Il CCNL ANPAS-Misericordie prevede solo la tredicesima mensilità, erogata entro il 20 dicembre. Non esiste una quattordicesima contrattuale a livello nazionale. L’EGR di 120 € lordi annui (luglio) integra il trattamento per chi non ha superminimi. Eventuali premi sono demandati alla contrattazione di secondo livello.
- Il minimo d'ingresso a confronto in 8 settori chiave
- Dal minimo tabellare alla busta paga: cosa si aggiunge davvero
Tabella riepilogativa
| Voce | Importo / Modalità | Erogazione | Base di calcolo |
|---|---|---|---|
| Tredicesima mensilità | Pari alla retribuzione mensile base | Entro il 20 dicembre | Pro-quota mensile (12° della tredicesima per mese intero) |
| Quattordicesima mensilità | Non prevista dal CCNL nazionale | — | Solo se introdotta da accordi aziendali |
| Elemento di Garanzia Retributiva (EGR) | 120 € lordi annui | Luglio di ogni anno | Proporzionale ai mesi lavorati; esclusi i beneficiari di superminimi |
| Una tantum 2024 (arretrati 2020-2021) | 450 € totali (250 + 200) | Giugno e settembre 2024 | Erogazione una tantum; non entra nella base di calcolo TFR |
| Premio di produttività / risultato | Non definito dal CCNL nazionale | Variabile | Demandato alla contrattazione di secondo livello |
La tredicesima: come si calcola
La tredicesima mensilità è un diritto acquisito da tutti i lavoratori dipendenti italiani, riconosciuto dai CCNL e consolidato nella prassi. Il CCNL ANPAS-Misericordie prevede che l’importo della tredicesima sia pari alla retribuzione mensile base (minimo tabellare più le voci fisse continuative, come superminimi consolidati).
Il calcolo avviene per dodicesimi rispetto al periodo di lavoro nell’anno di riferimento (1° gennaio – 31 dicembre):
- Chi ha lavorato tutti i 12 mesi percepisce la tredicesima intera.
- Chi ha lavorato, per esempio, 8 mesi percepisce 8/12 della tredicesima.
- Le frazioni di mese superiori a 15 giorni si computano come mese intero.
- I periodi di assenza per malattia, maternità, infortunio e ferie non riducono la tredicesima (si computano come periodi lavorati ai fini della maturazione).
Quattordicesima: esiste nel CCNL ANPAS-Misericordie?
Il CCNL Servizi Assistenziali ANPAS-Misericordie non prevede una quattordicesima mensilità a livello nazionale. La quattordicesima è un istituto presente in alcuni contratti del settore commercio (CCNL Confcommercio), del turismo, dell’agricoltura, ma non è generalizzata nel settore del Terzo Settore e del volontariato organizzato.

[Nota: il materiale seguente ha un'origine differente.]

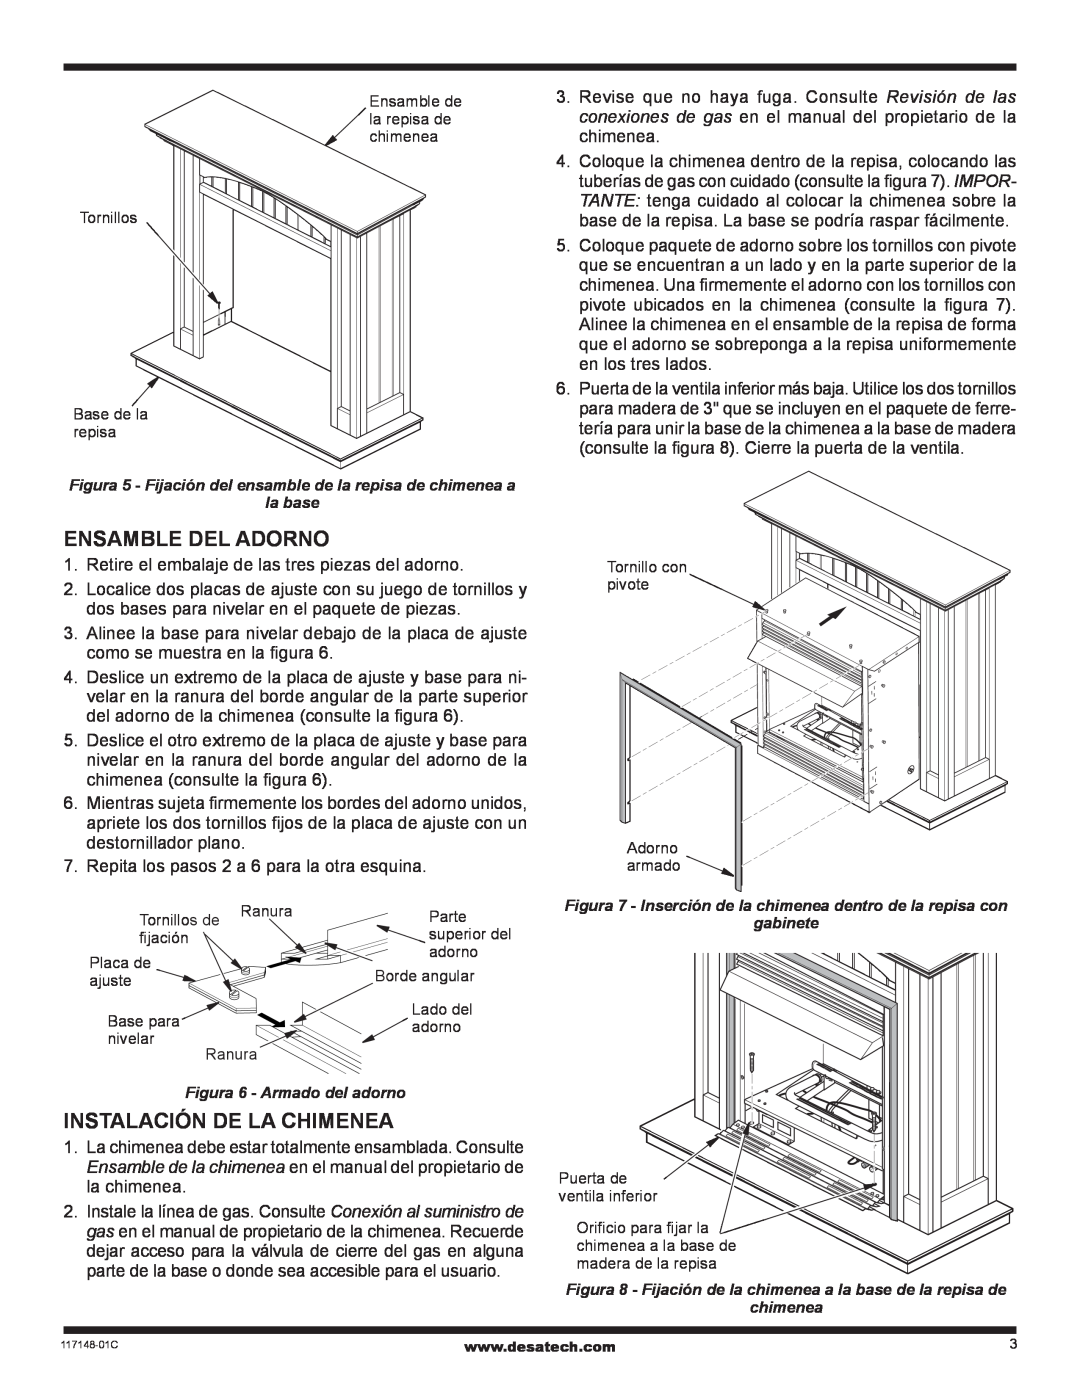 Desa WD26CP installation instructions Ensamble del adorno, Instalación de la chimenea 
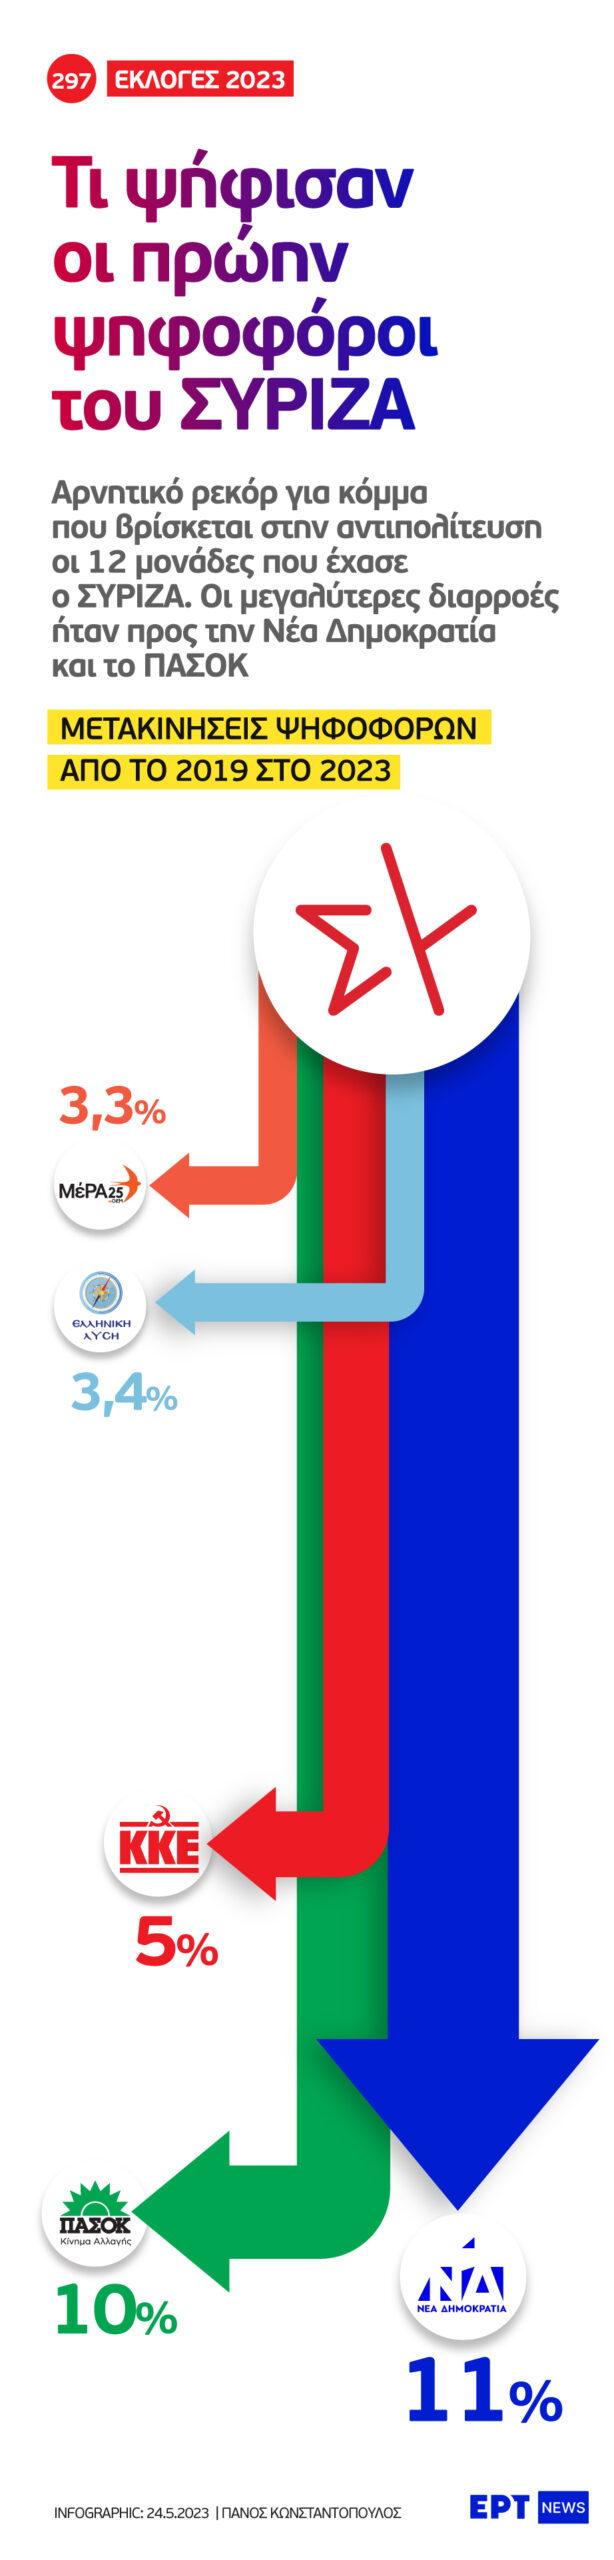 Infographic: Τι ψήφισαν οι πρώην ψηφοφόροι του ΣΥΡΙΖΑ

Alcune organizzazioni di grandi dimensioni o alcune sedi locali potrebbero aver introdotto la quattordicesima attraverso accordi integrativi aziendali o di secondo livello. Chi intende verificare se la propria organizzazione ha previsto tale erogazione deve consultare il contratto di assunzione individuale o gli accordi integrativi eventualmente vigenti nella sede di lavoro.
L’EGR (Elemento di Garanzia Retributiva)
L’EGR di 120 € lordi annui, erogato a luglio, è uno strumento perequativo del CCNL ANPAS-Misericordie. Garantisce un minimo di incremento economico ai lavoratori che non percepiscono già trattamenti aggiuntivi individuali. Regole principali:
- Il lavoratore deve essere in servizio alla data di erogazione (luglio).
- L’importo si riduce proporzionalmente per i rapporti a tempo parziale.
- Per i rapporti iniziati o cessati in corso d’anno, si applica pro-quota (1/12 per mese intero).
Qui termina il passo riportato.